Rubrique : Politique / A La Une


Le : 16 Mars 2009

A quand les hausses d'impôt ?

Cette question iconoclaste surgit immanquablement à la lecture des dernières prévisions macroéconomiques du gouvernement. Avec un déficit budgétaire 2009 multiplié par deux et frisant les 104 milliards d’euros, un déficit public de 5,6 % du produit intérieur brut (PIB) et une dette qui a augmenté de 20 points de PIB depuis 2002, la situation des finances publiques françaises apparaît très dégradée. Assez, en tout cas, pour que l’on s’interroge sur une hausse éventuelle des prélèvements obligatoires.

Le gouvernement serait dans l’embarras. Serait-ce bien le moment de mettre en œuvre les dernières baisses d’impôts promises par le Président de la République et la diminution du taux de TVA applicable à la restauration ? A Matignon, dans la majorité et dans l’opposition les inquiétudes naîssent et la morosité s’installe. Un certain fatalisme surgit et l’enthousiasme n’est plus au rendez-vous.

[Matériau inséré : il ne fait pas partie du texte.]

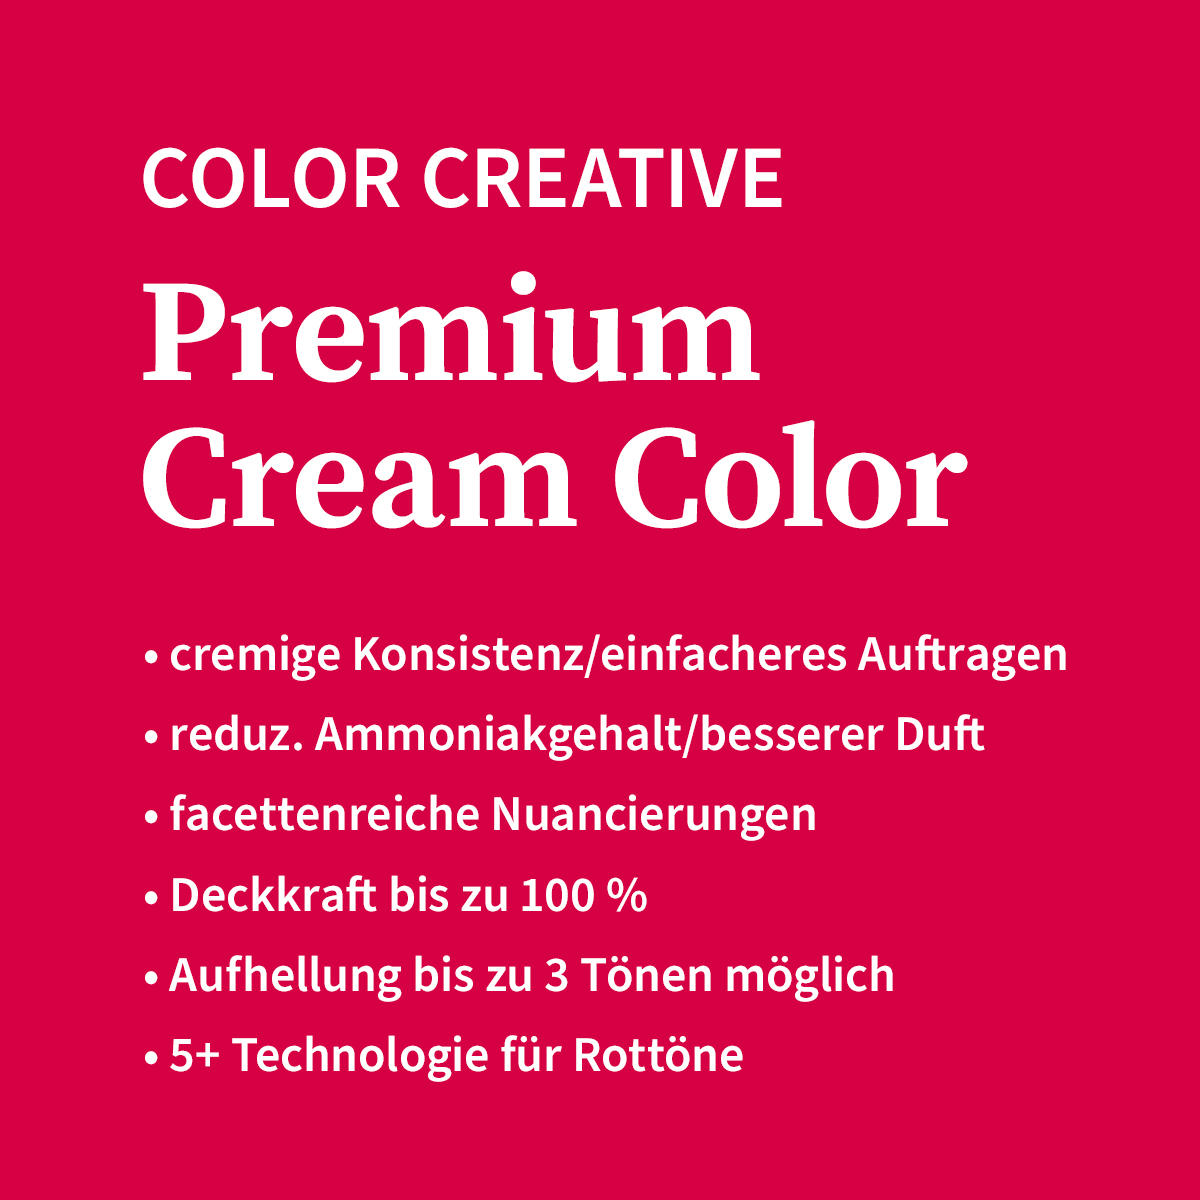 Basler Color Creative Premium Cream Color 10/8 biondo chiaro perlato, tubo 60 ml - 4

«  La hausse de la fiscalité, ce n’est pas le moment », entend-on chez le premier ministre.

«  Le solde des administrations publiques plonge de manière désespérante, et chaque jour apporte son lot de mauvaises nouvelles, la dernière étant la TVA à taux réduit dans la restauration », observe Philippe Marini, rapporteur UMP de la commission des finances du Sénat, parfaitement réaliste.

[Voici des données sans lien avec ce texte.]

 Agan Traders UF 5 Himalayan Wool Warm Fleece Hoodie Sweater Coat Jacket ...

«  Les gouvernements ne peuvent pas grand-chose sur la croissance », analyse Charles-Amédée de Courson, député du Nouveau Centre de la Marne.
« La France n’aura pas d’autre choix que d’augmenter la pression fiscale en réduisant les dépenses fiscales inéquitables. », poursuit le centriste. « On n’échappera pas, dit-il encore, à une politique de rigueur, même si le calendrier n’est pas du tout favorable à la droite. »

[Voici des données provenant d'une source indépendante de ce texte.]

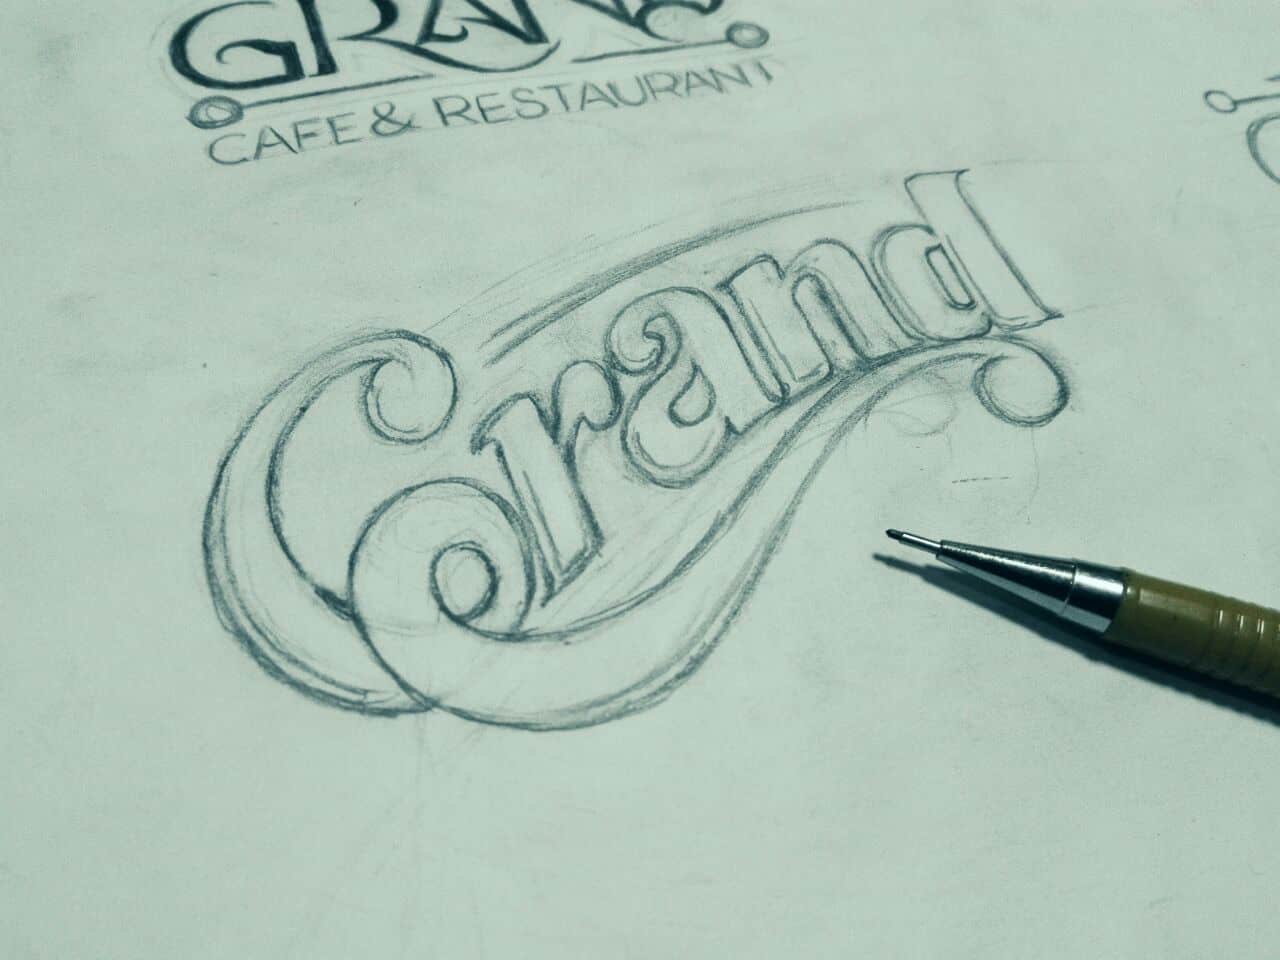 GRAND cafe & restaurant

« On ne peut pas se permettre de financer de nouvelles baisses d’impôts, taxe professionnelle ou TVA, par de la dette. Quand la croissance reviendra, il faudra en réserver intégralement les fruits à la diminution de l’endettement public. La seule chose que nous puissions faire, c’est du redéploiement fiscal en étant irréprochable sur le plan de l’équité. », s’exprime à son tour Gilles Carrez, rapporteur de la commission des finances de l’Assemblée.

L’équité, le mot est laché et la gauche s’en empare : « Il serait inconcevable d’imaginer des hausses d’impôts sans que soient mises sur la table la question du paquet fiscal ruineux de l’été 2007 et celle du bouclier fiscal, désormais critiqué même au sein de l’UMP, car il atténue mécaniquement l’effort des contribuables les plus aisés. », insiste Didier Migaud, président de la commission des finances.

Et enfin, il y a les franchement pessimistes qui voient toujours tout en noir, avec pour porte-parole, Jérôme Cahuzac, député PS  qui tient à jour la liste des taxes nouvelles créées depuis 2007 (franchises médicales, hausse de la taxe sur le chiffre d’affaires des mutuelles, relèvement du prélèvement sur les revenus du patrimoine). « On n’y a pas échappé », et il en annonce d’autres. « Une hausse de la CGS, avec son assiètte large et son rendement élevé, nous pend au nez. Et une deuxième tranche de l’impôt sur les sociétés n’est pas inimaginable », analyse-t-il.

Polémia
16/03/09
Source : « Le Monde » du 11/03/09
Citations extraites de « Face aux déficits, la hausse des impôts paraît inéluctable » assemblées par Polémia.